Activity 1 Part 2: Essentials

The Goal

Now that we have opened our data set, let’s explore it a little. At DataFest, it is very important to take your time looking at the data and really understanding its structure. Doing so will help you make decisions about how best to approach the challenge!

The Data and the client

Our data today is provided by a client who is interested in exploring how existing buildings can be updated to improve their energy efficiency and reduce their carbon foot print. They are interested in identifying traits associated with high energy usage, and recommendations on how buildings can improve their energy efficiency.They have provided us with information on over 70,000 buildings.

Our response variable (outcome variable) is:

  • site_eui - Site Energy Usage Intensity (Site EUI).

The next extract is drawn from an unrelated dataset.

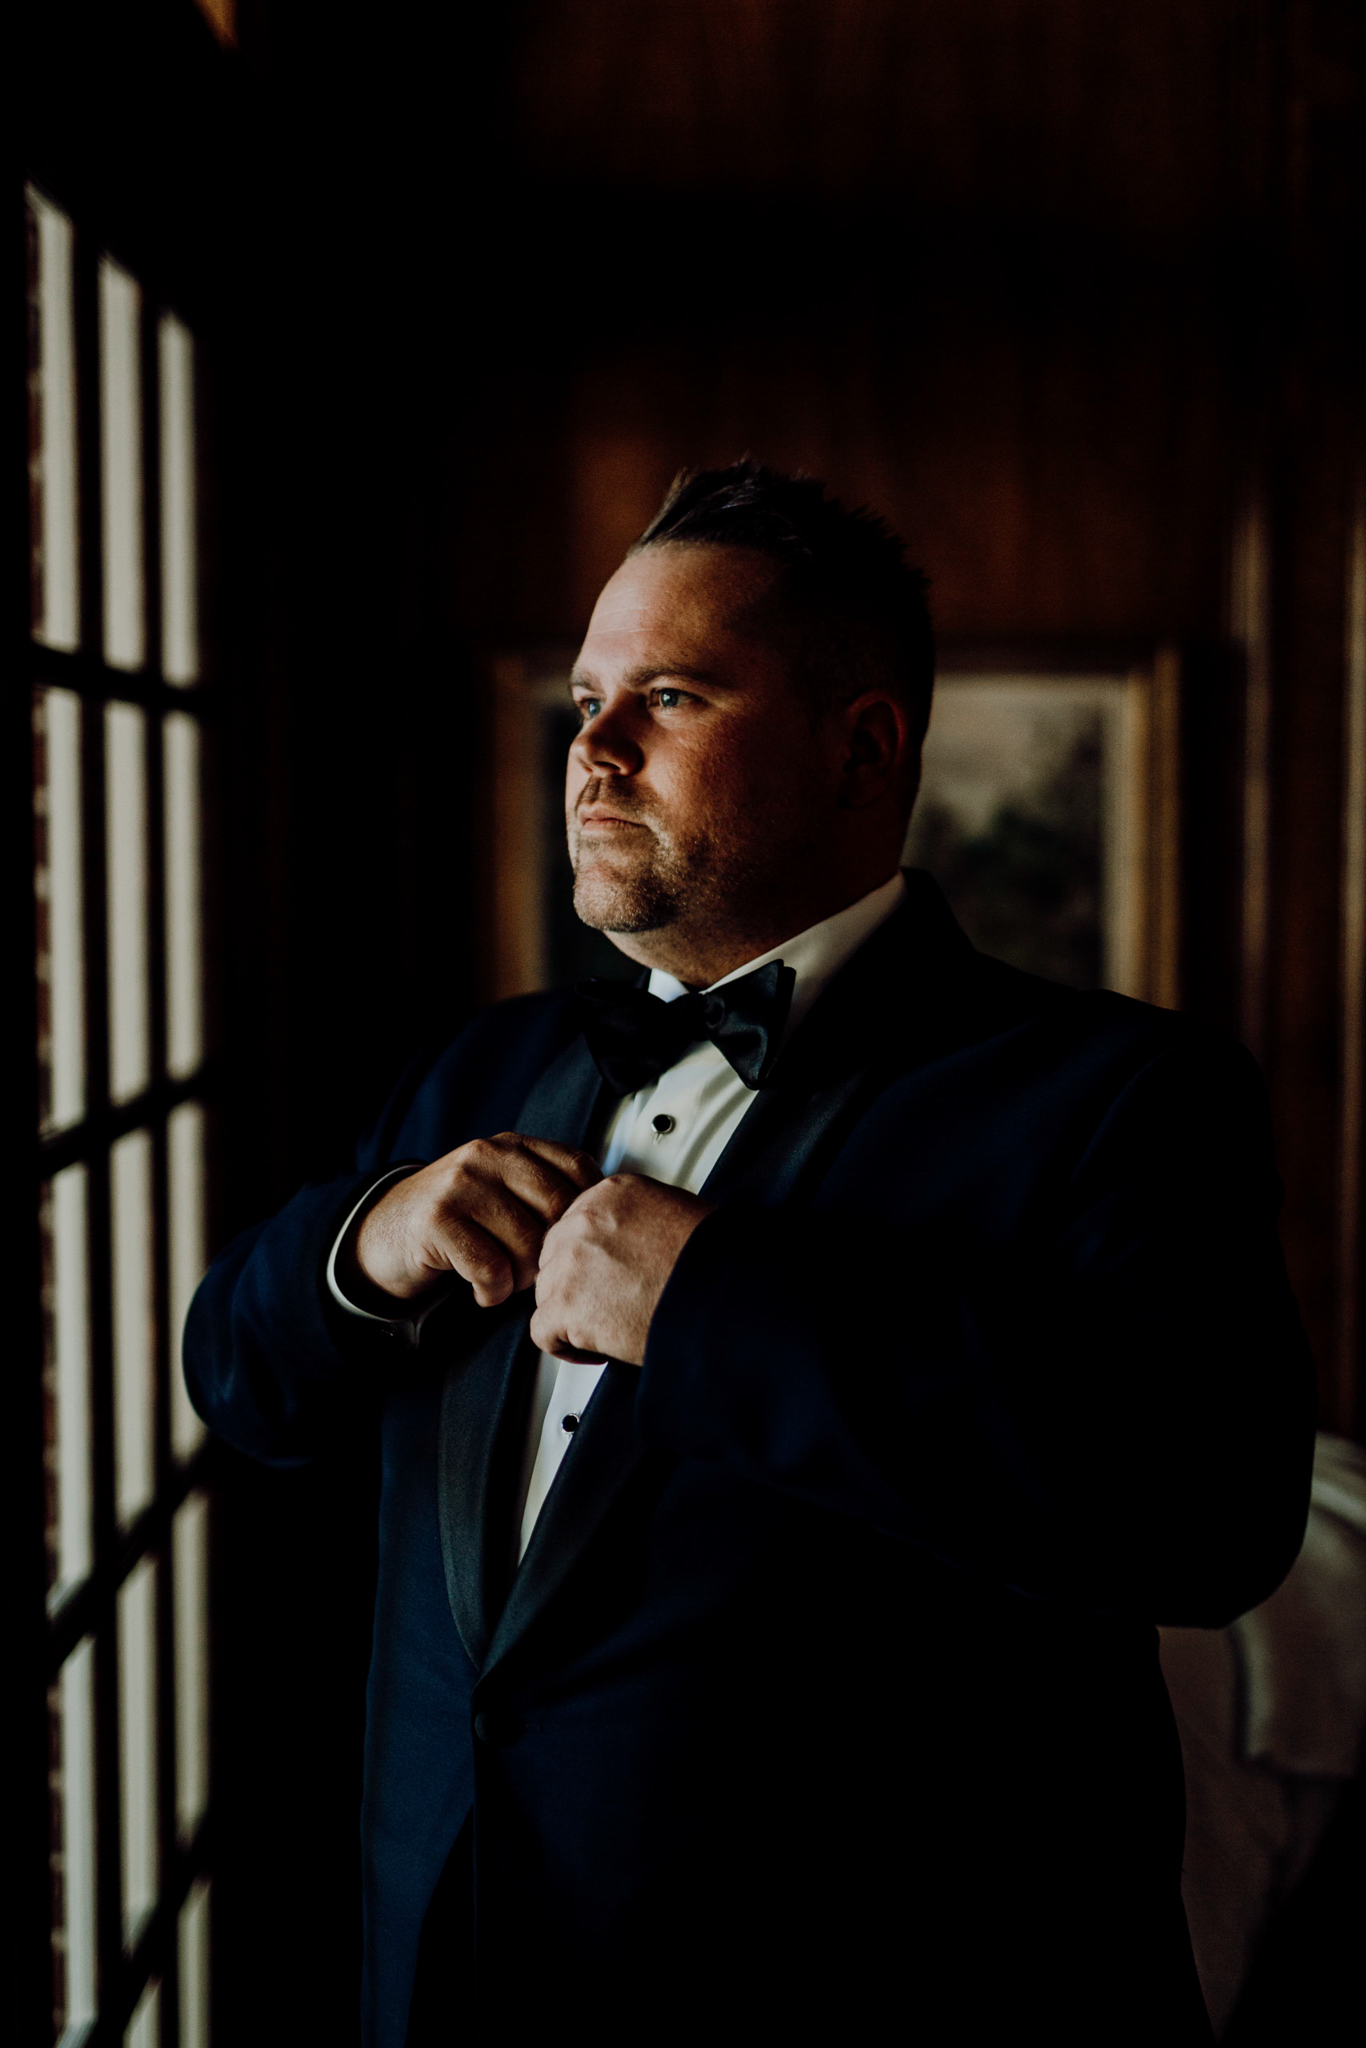 Houston Wedding Photographer-Intimate Texas Backyard Wedding- Houston Wedding Photographer -Kristen Giles Photography-20.jpg

This is the amount of heat and electricity consumed by a building. This is recorded from utility bills for the building over the last year. It has no units.

There are other columns in the data set. These represent identifying information about the building and possible features that we can use to help us build a model for Site EUI. A feature is an explanatory variable, meaning a variable we can use when we build our model for Y = Site EUI.

  • id - building id.
  • Year_Factor - anonymized year in which the weather and energy usage factors were observed.
  • State_Factor - anonymized state in which the building is located.
  • building_class - building classification.
  • facility_type- building usage type.
  • floor_area - floor area (in square feet) of the building.
  • year_built - year in which the building was constructed.
  • energy_star_rating - the energy star rating of the building.
  • ELEVATION - elevation of the building location.
  • january_min_temp - minimum temperature in January (in Fahrenheit) at the location of the building. NOTE: The data contain information for additional months, such as february_min_temp.
  • january_avg_temp - average temperature in January (in Fahrenheit) at the location of the building. NOTE: The data contain information for additional months, such as february_avg_temp.
  • january_max_temp - maximum temperature in January (in Fahrenheit) at the location of the building. NOTE: The data contain information for additional months, such as february_max_temp.
  • cooling_degree_days - cooling degree day for a given day is the number of degrees where the daily average temperature exceeds 65 degrees Fahrenheit. Each month is summed to produce an annual total at the location of the building.
  • heating_degree_days - heating degree day for a given day is the number of degrees where the daily average temperature falls under 65 degrees Fahrenheit. Each month is summed to produce an annual total at the location of the building.
  • precipitation_inches - annual precipitation in inches at the location of the building.
  • snowfall_inches - annual snowfall in inches at the location of the building.
  • snowdepth_inches - annual snow depth in inches at the location of the building.
  • avg_temp - average temperature over a year at the location of the building.
  • days_below_30F - total number of days below 30 degrees Fahrenheit at the location of the building.
  • days_below_20F - total number of days below 20 degrees Fahrenheit at the location of the building.
  • days_below_10F - total number of days below 10 degrees Fahrenheit at the location of the building.
  • days_below_0F - total number of days below 0 degrees Fahrenheit at the location of the building.
  • days_above_80F - total number of days above 80 degrees Fahrenheit at the location of the building.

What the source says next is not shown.